One tool to combat it is the ``social host ordinance,’’ the purpose of which is to reduce underage possession and consumption of alcohol by imposing penalties on those who host parties which include underage drinkers.

He also advocates a preemptive approach: ask the neighbors two to three days in advance to keep the noise down.

Mr. DeSimone asked forum members what they thought about having a restroom trailer brought in for St. Patrick’s Day. A sponsor could be sought.

Mr. Kraus said he should consult with the appropriate city department.

Mr. DeSimone said there is a lot of potential in the South Side to turn events into fundraising, as is done in Shadyside.

``It could be a revenue generator for the community,’’ he said.

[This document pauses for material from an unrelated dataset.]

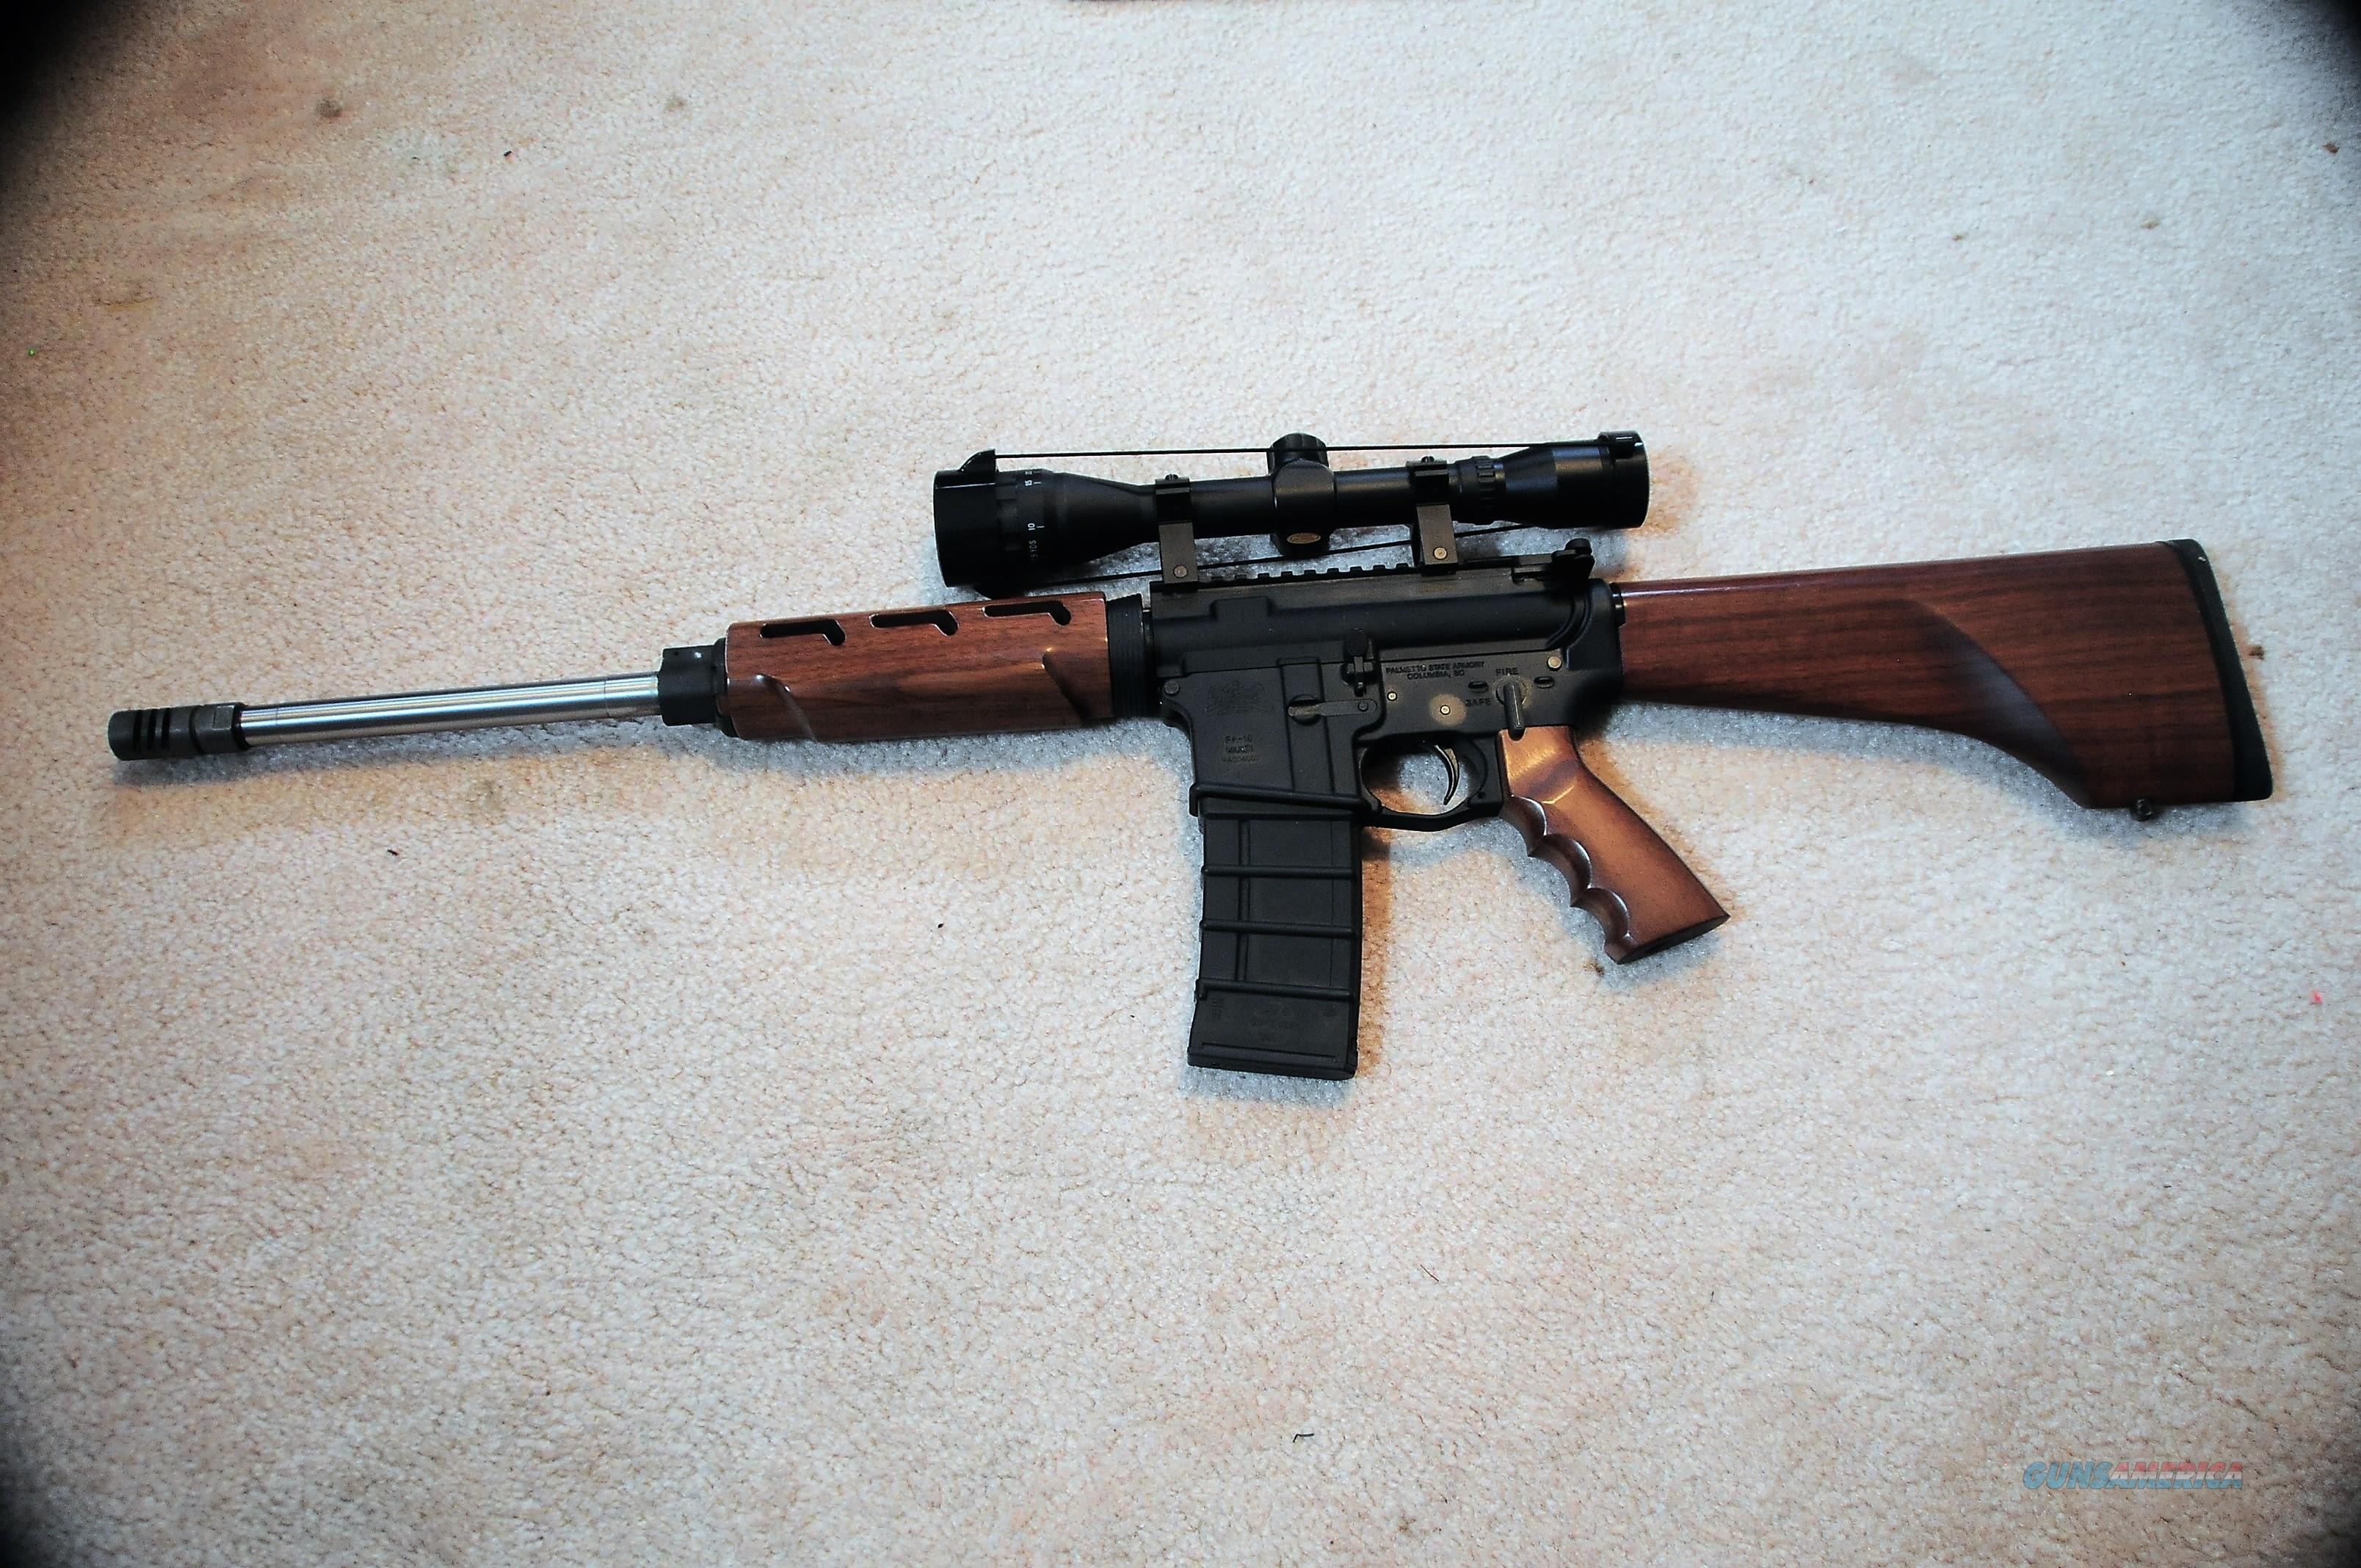 Walnut Stocked AR15  Guns > Rifles > AR-15 Rifles - Small Manufacturers > Complete Rifle

An attendee said the neighborhood should first work on ways to get together as a community before planning events.

Forum Chair Hugh Brannan said the annual South Side Soup Contest, which will be held for the tenth year on Feb. 22, is a model for fundraisers, and something multiple organizations do together.

All 1,200 tickets available for the event have been sold at $25 apiece.

In announcements, residents should contact the South Side Community Council to suggest homes in the Slopes or Flats for the Historic South Side Home Tour in May.

Mary Ellen Solomon, Duquesne University’s new director of government relations, said she would inform students about appropriate behavior on St. Patrick’s Day, and also remind them about the social host ordinance.

In December, she sent information to students about the ordinance and responsible behavior.

The next forum meeting will be on March 11.